CONFLICTS OF INTEREST
The authors declare that they have no conflict of interest.
ACKNOWLEDGMENTS AND GRANT SUPPORT
This work is supported by National Natural Science Foundation of China No: 81274138 and 81473289 (to H. Naranmandura), Zhejiang Provincial Natural Science Foundation of China No. R2110231 (to H. Naranmandura), Zhejiang University K.P. Chao’s High Technology Development Foundation No.2013RC026 (to H. Naranmandura), Scientific and Technological of Zhejiang Province No. 2015C33154 (to H. Naranmandura), Health Bureau of Zhejiang Province Foundation, China No.WKJ-ZJ-1512 (to H. Naranmandura), Zhejiang Provincial Program for the Cultivation of Medical Rookies and National High-tech Research and Development Program of China No.SS2012AA020203 (to J. Zhou).

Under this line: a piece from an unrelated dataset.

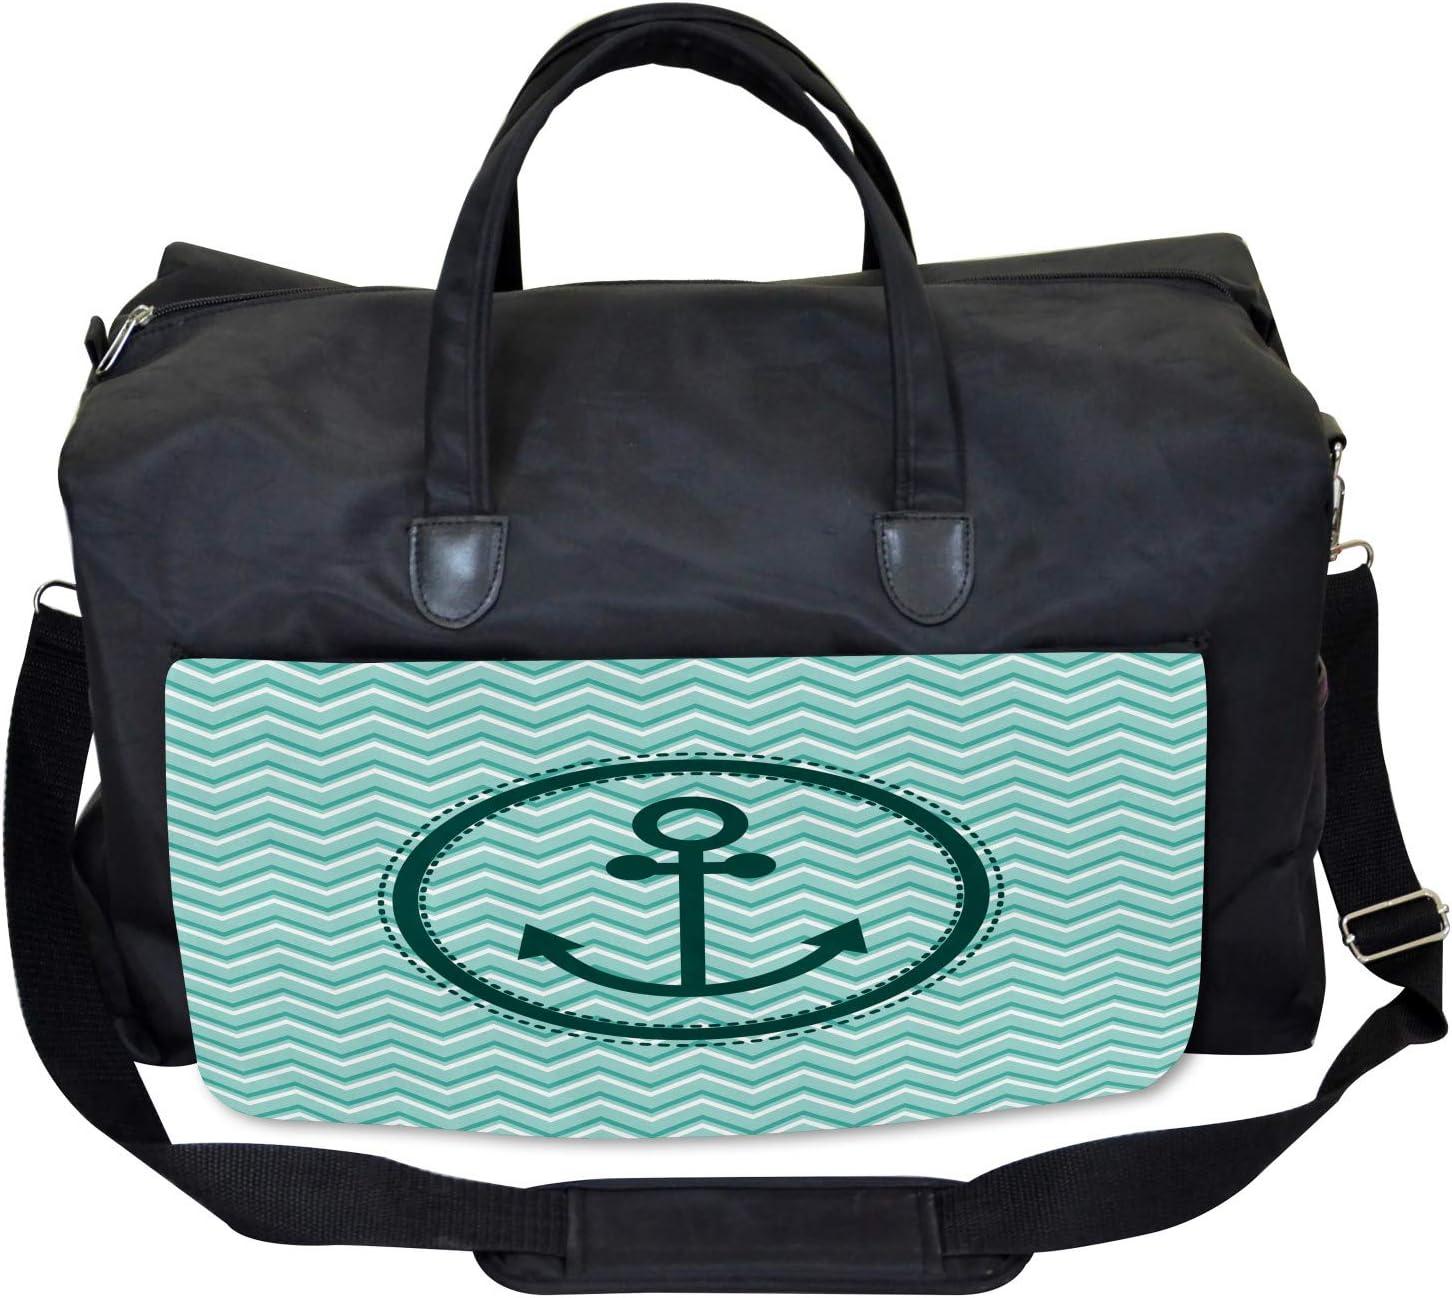 Large Weekender Carry-on Zig Zag Pattern Ambesonne Black White Gym Bag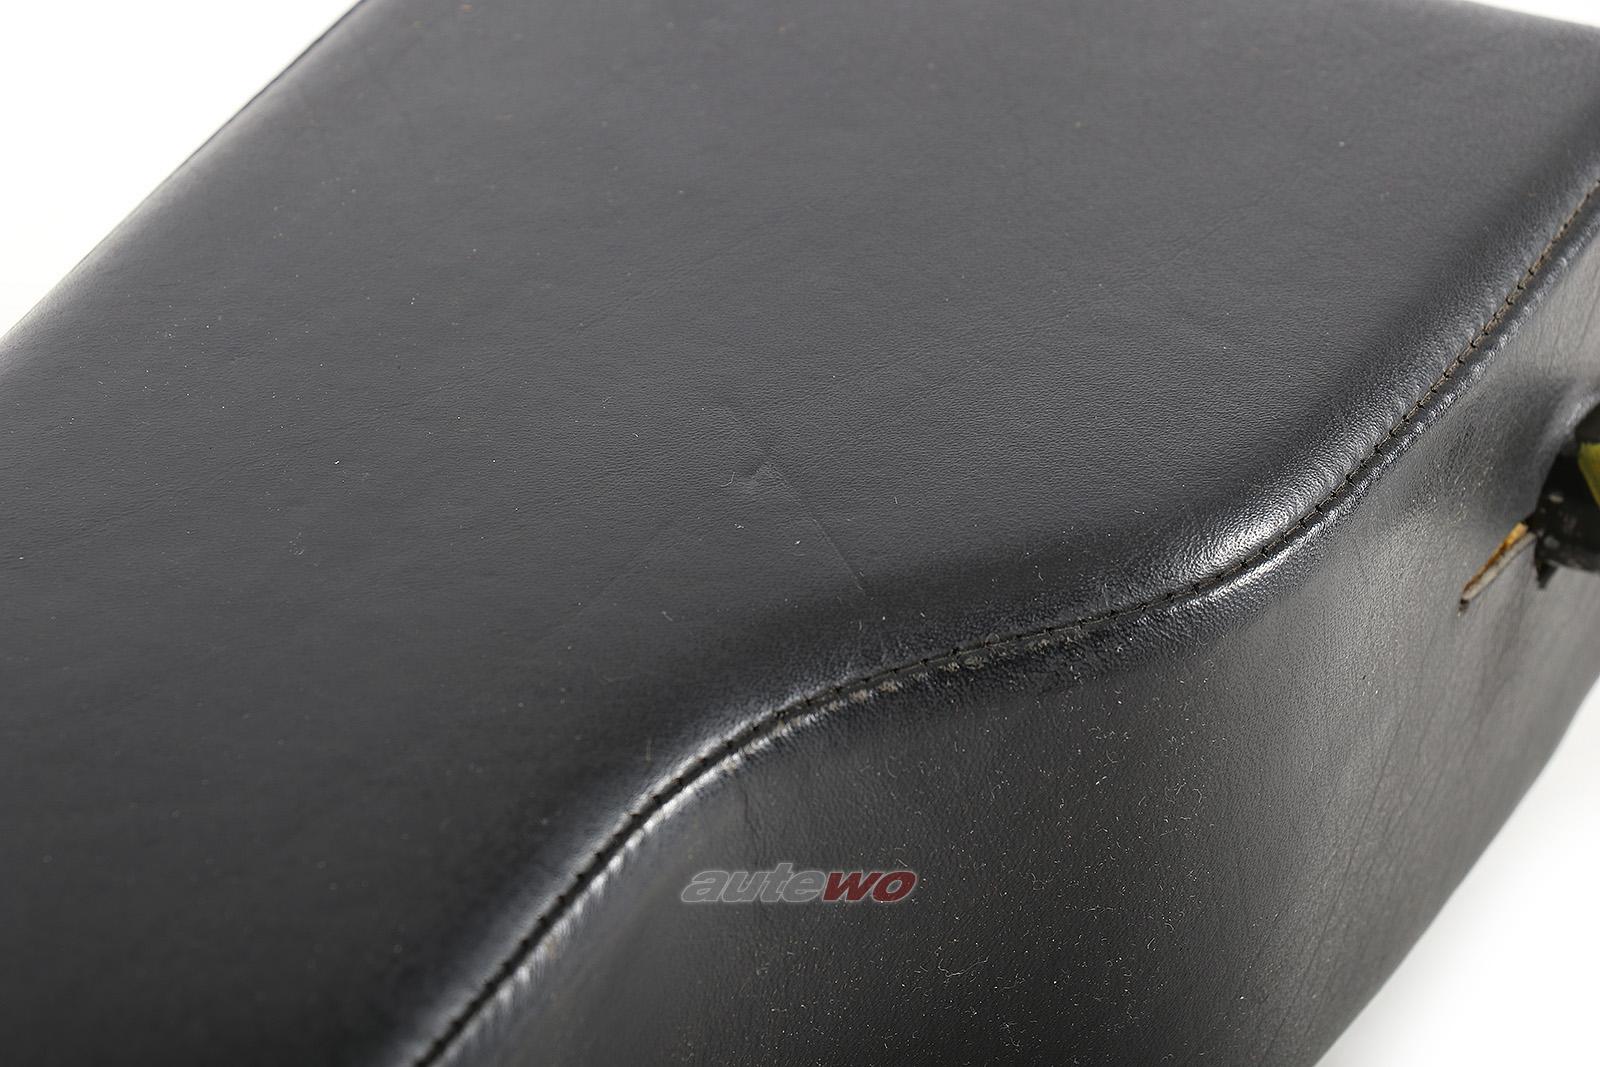 443881751B Audi 100/200 Typ 44/C4/V8 D11 Leder-Mittelarmlehne schwarz

ATRA, all-trans retinoic acid; AS3MT, arsenic (+3 oxidation state) methyltransferase; As2O3, arsenic trioxide; iAsIII, arsenite; iAsV, arsenate; APL, acute promyelocytic leukemia, Cyt c, cytochrome c; DMAIII, dimethylarsinous acid; DMAV, dimethylarsinic acid; MMAIII, monomethylarsonous acid; MMAV, monomethylarsonic acid; mPTP, mitochondrial permeability transition pore; HPLC, high performance liquid chromatography; ICP MS, inductively coupled argon plasma mass spectrometry; PML-RARα, Promyelocytic leukemia-Retinoic acid receptor; PML-NBs, PML-nuclear bodies.